Collections

What is a “collection” in CDS?

A collection is a set of documents that are related to (linked to or from) a single CDS document via a specific set of relationships. The relationships themselves are described later in this document, but the relationship is always a one-to-many relationship from the “parent” document to the “collection” documents.

Collections 1

In CDS, any document can be used as a collection. This means topics, tags, series, etc. are collection documents; so are stories, podcast episodes, and categories. For any CDS document, you can ask “what documents are part of this document’s collection?”

A document is linked to a collection in one of two ways:

  • Unordered - When a document contains a link to its collection document, it’s considered an “unordered” link.
  • Ordered - When a collection document contains a link to its “child” document, it’s considered an “ordered” link.

These types of linkages will be described in further detail below.

Collections 2

It’s important to remember that a document can be linked to a collection using both ordered and unordered links!

As stated above, an unordered collection link exists on the child document and points to the collection document. In practice, this is represented by a link object in the child document’s collections array, defined by the publishable profile:

{
    "id": "12345",
    "title": "Sleeping patterns of the Norwegian Blue parrot",
    ...

    "collections": [
        {
            "href": "/v1/documents/6789",
            "rels": [
                "topic"
            ]
        },
        ...

    ]
}

In the above example, document 12345 contains an unordered link to document 6789; 12345 is an unordered document in the 6789 collection.

When retrieving a collection, unordered documents can be sorted in any way the client feels is most appropriate.
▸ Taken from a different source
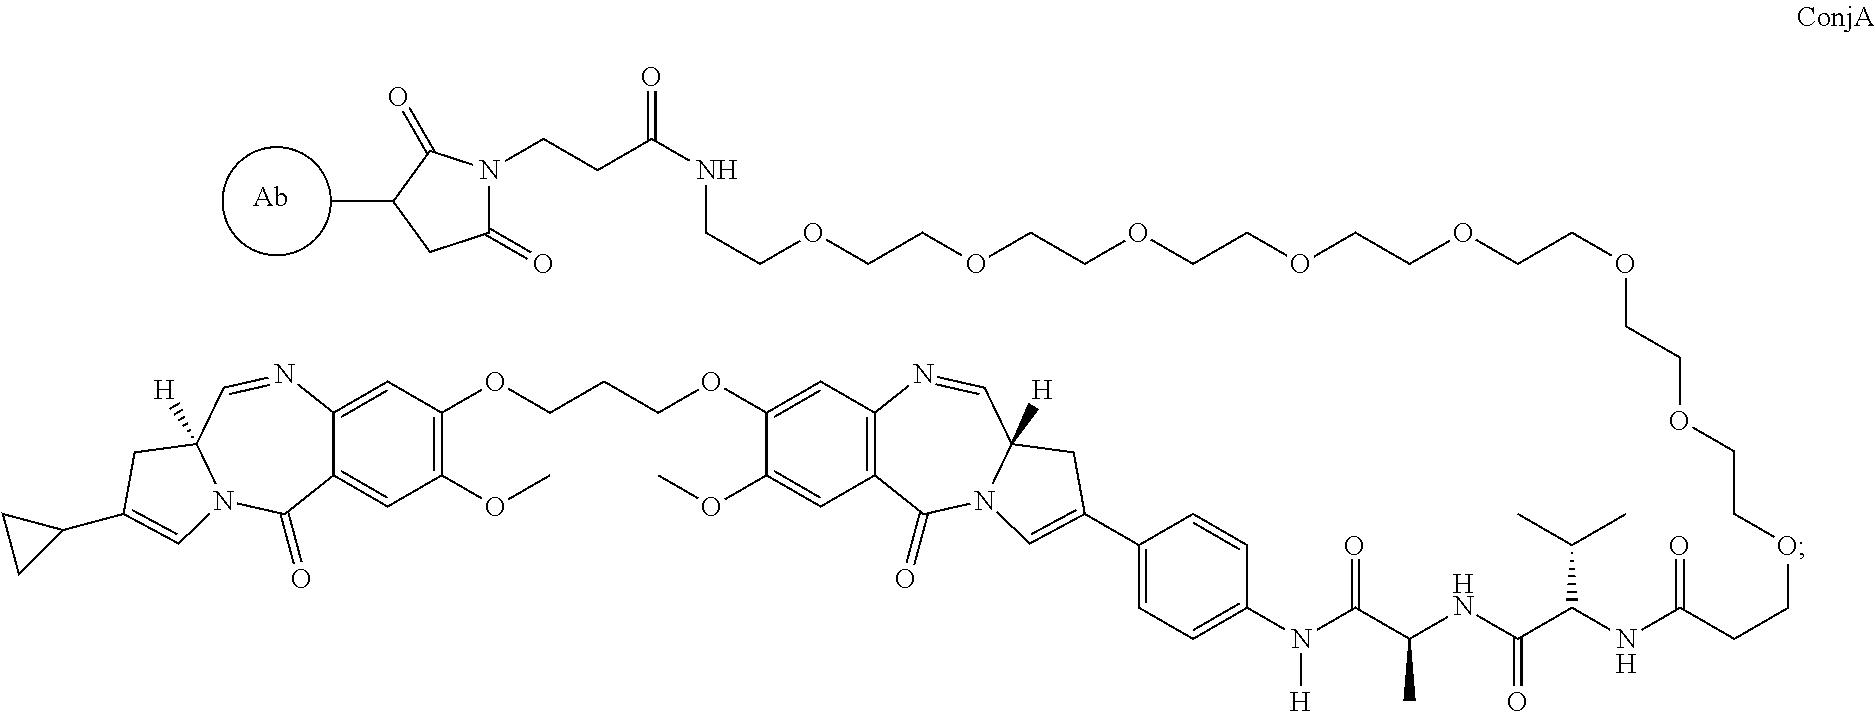 Figure US09919056-20180320-C00016

An ordered collection link exists on the collection document and points to the child document. These links can also be referred to as “prioritized” or “featured” content; this is because these links are usually the result of conscious and deliberate selection (although this is not always the case).

In practice, an ordered link is represented by a link object in the collection document’s items array, defined in the aggregation profile:

{
    "id": "6789",
    "title": "Animals",
    ...

    "items": [
        {
            "href": "/v1/documents/12345"
        },
        ...

    ]
}

In the above example, document 6789 contains an ordered link to document 12345; 12345 is an ordered document in the 6789 collection.

Documents containing ordered links must have the items array; in order to have the items array, they must implement the aggregation profile and list it in their profiles list. These collection documents can also be called “aggregations”. While any document can be a collection document, only documents with the aggregation profile can have ordered collection links.

When retrieving a collection using the editorial sort mode, ordered collection documents will appear first, in the order that they appear in the items array. When using other sort modes, these documents will be sorted along with the unordered documents.

Note that there can be a maximum of 100 links within the items array.

Querying for a collection

When querying for documents, the collectionIds parameter can be used to filter down to documents belonging to a collection:

https://content.api.npr.org/v1/documents?collectionIds=6789

The above query will return only documents that belong to the 6789 collection, regardless of if they are ordered or unordered.

The collectionIds parameter functions like any other CDS query parameter; as such, all the following are valid:

  • collectionIds=(ID)
  • collectionIds=(ID),(ID)
  • collectionIds=(ID)&collectionIds=(ID)

editorial sort

Editorial sorting is a method of sorting the results of a CDS query that places ordered content before unordered content. When querying for a collection, ordered content will be returned first in the order it appears in the items array, followed by all unordered content sorted by publishDateTime. If a document is linked both as an unordered and ordered document, then its ordered placement takes priority; it will show up once and only once, in the “ordered section”.

Editorial sort can only be used with a single collectionIds parameter defining one collection ID. You cannot combine collections and sort by editorial sort.

Editorial sort is requested with the query parameter sort=editorial.

A note on the idea of a primary collection

This is also explained in the publishable profile documentation.

CDS does not currently offer a way to mark a collection as the primary collection in the rels array. Rather, we rest on a convention that the 0th item in the array for collections is in fact the primary collection.

This is not a convention that is baked in our API, but rather one that npr.org upholds.

The convention also applies more specifically to collections marked with a topic rel or any other type of rel. For example, in this collections array below:

"collections": [
{
  "href": "/v1/documents/1182407811",
  "rels": [
    "series"
  ]
},
{
   "href": "/v1/documents/12345",
  "rels": [
    "topic"
  ]
}
]

The primary topic would be the 12345 document, as that is the first collection link listed that has a topic in the rels array.